The word thesaurus is a rather fancy name, which has acquired a certain mystique,
because it is often bandied about as something necessary for effective information retrieval, but
something which sounds as though it will involve a lot of work. I have often heard curators say
"That's all very well if you have the time and resources, but I have this great backlog of
cataloguing to do, and I would never get through the half of it if I had to spend time setting up
anything as complicated as a thesaurus. What I need is a simple list of names which I can use to
index my objects."
My main purpose in this paper is to make three points:
- A simple name list without some rules will rapidly become a mess.
- Only three simple rules are needed; using them will make life easier for you, not harder.
- So long as you stick to these rules, you can take an existing thesaurus and adapt it to your
needs; you are not limited to using the terms which are listed in it already, and you are not
obliged to use more detail than you need.
What are these rules?
- Use a limited list of indexing terms, but plenty of entry terms
-- link these with USE and USE FOR (UF) relationships.

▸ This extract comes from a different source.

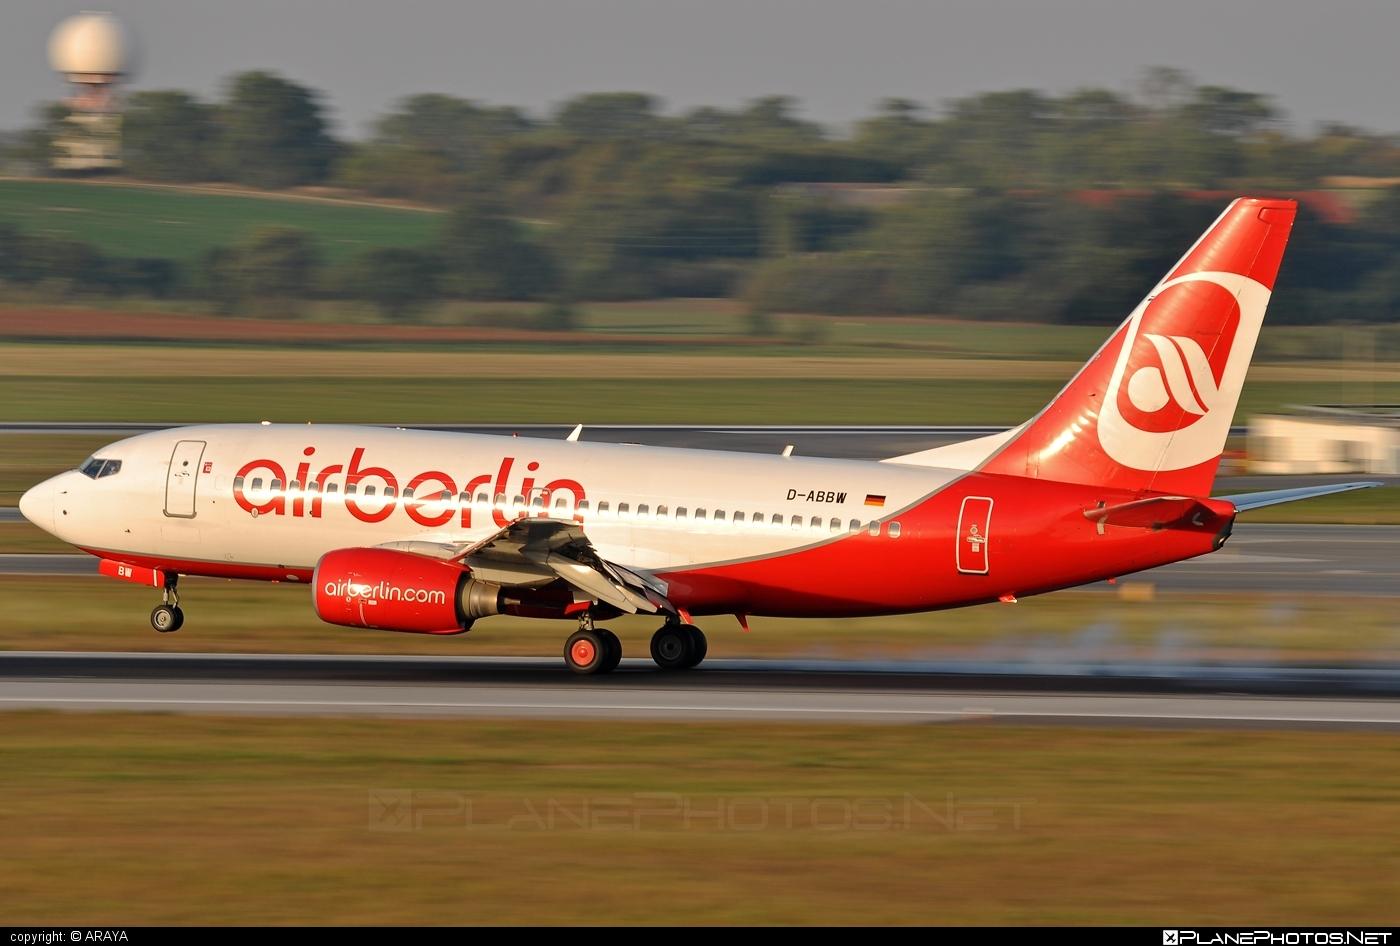 Boeing 737-700 - D-ABBW operated by Air Berlin #airberlin #b737 #b737nextgen #b737ng #boeing #boeing737

- Structure terms of the same type into hierarchies
-- link these with BROADER TERM/NARROWER TERM (BT/NT) relationships.
- Remind users of other terms to consider
-- link these with RELATED TERM/RELATED TERM (RT/RT) relationships.
I shall consider each of these rules in turn.
A major purpose of a thesaurus is to match the terms brought to the system by an enquirer with the
terms used by the indexer. Whenever there are alternative names for a type of item, we have to
choose one to use for indexing, and provide an entry under each of the others saying what the
preferred term is. If we index all full-length ladies' garments as dresses, then someone
who searches for frocks must be told that they should look for dresses instead.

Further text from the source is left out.